The recipe comes from here (you’ll note some other recipes I’ve written about have come from that site) and it makes use of this stuff:


It’s that “rooster sauce”, and no matter what prejudices you have against eating meat at Chinese restaurants and whatnot, there is no actual rooster involved here. That I know of. This is actually called sriracha hot sauce, and until recently I only vaguely recognized it as the bottle next to the soy sauce on the table at Chinese restaurants. I’d never actually tried it, so for all the promise of “ASIAN HOT WINGS YEAH!” this was still sort of a gamble. But I was happy to find it at our Kroger, in the “ethnic” aisle with the other Asian-style ingredients.

The recipe I cite above has more steps than the way I make it. I’ve followed the recipe and done the marinating and breaded with panko and flour (YES, I breaded chicken, I KNOW, WHO IS THIS) once. But when I did that, I found that there was way too much flour for the amount of panko, and too much breading in general. The next time I marinated and skipped the breading, and I liked it better (and we don't need the extra carbs anyway). And that's when I realized that marinating doesn’t really enhance the flavor all that much, anyway.

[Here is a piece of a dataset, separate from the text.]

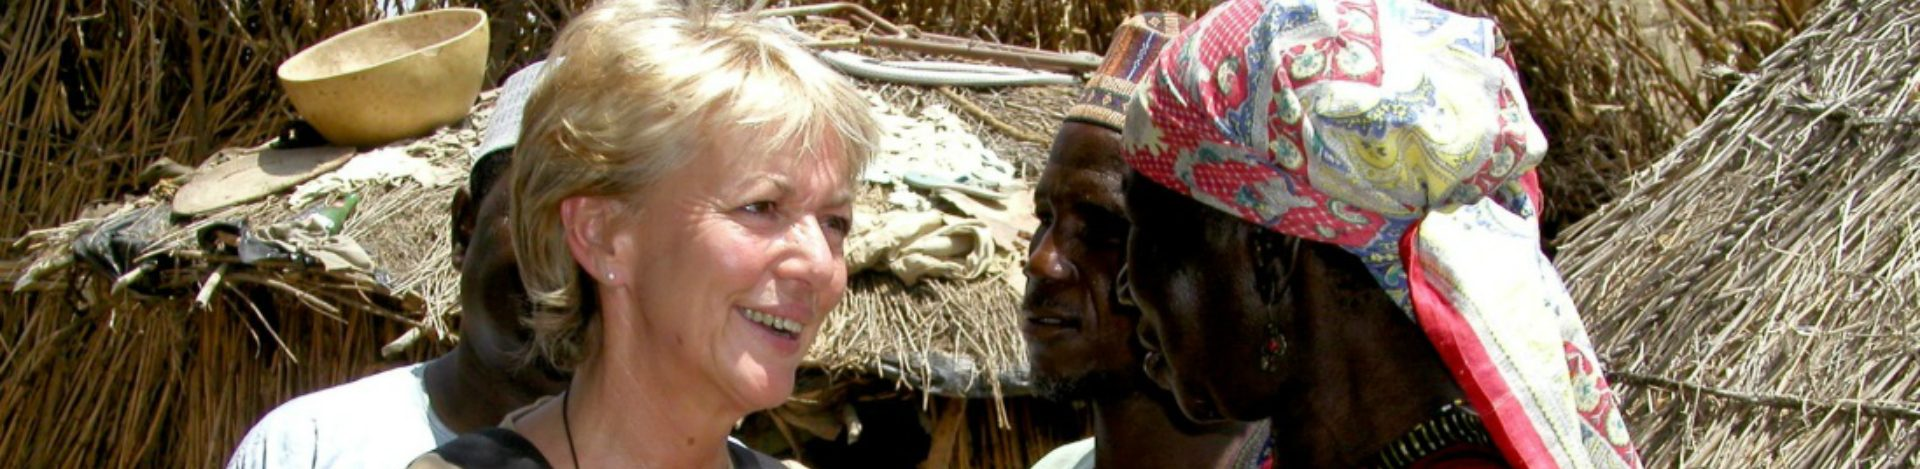 Trudie Goodwin speaking to Cataract patient in Nigeria.
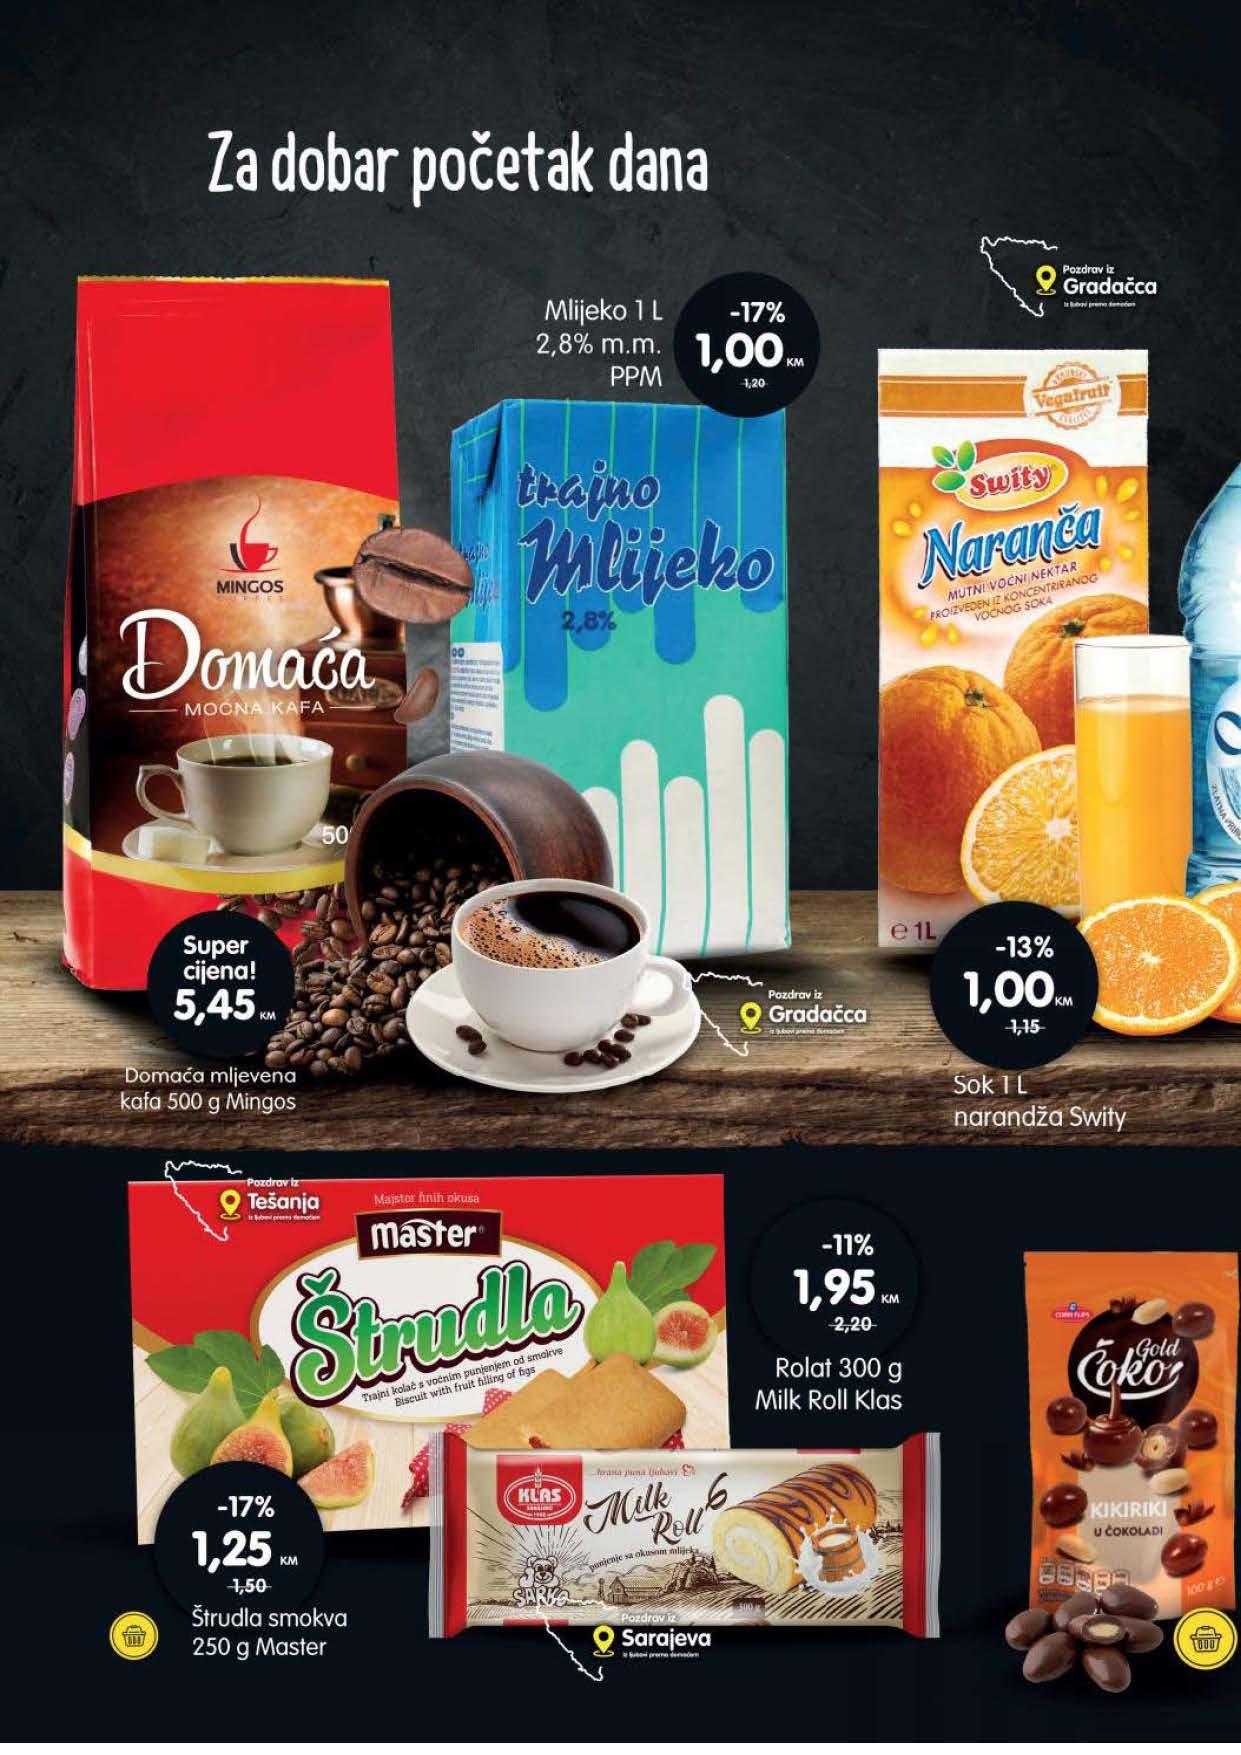 BINGO Katalog Kupuj pametno kupuj domace JUN JUL 2021 28.6.2021. 4.7.2021. Page 6

So now I’ve turned it into a quick-meal type dinner. It’s super easy because I've dumbed it down to four ingredients: chicken, sriracha hot sauce, garlic, and vinegar. Well, and salt and pepper, because I throw that stuff on everything.

You need some hot sauce, plus some garlic (I use the pre-minced stuff) and some vinegar. It calls for rice wine vinegar, but I don’t keep that on hand so I use red wine vinegar. As for amounts, you can follow the recipe on the link above, or you can live dangerously like me and just dump it in a large bowl:


Then add the chicken. I use two boneless, skinless breasts sliced into strips.


And squish it around, reminiscent of the coconut chicken post of yore.


Good grief, that looks spicy. I swear I didn't mess with the color balance to make it FIRE ENGINE RED. If you want to bread it to cut down on the heat, now is a good time. But Team P, we like to sweat under our eyes when we eat, so I just throw them on a baking sheet:


And bake for about 20 minutes at 400 degrees F. The original recipe says to broil, but I don’t think it does much for the chicken, actually, if it’s not breaded. Instead it just turns all the drippy sauce black:


These go really well with the garlic noodles (from the same food blog) whose praises I’ve already sung – mostly because they are super buttery, and hot wings love some butter, amirite?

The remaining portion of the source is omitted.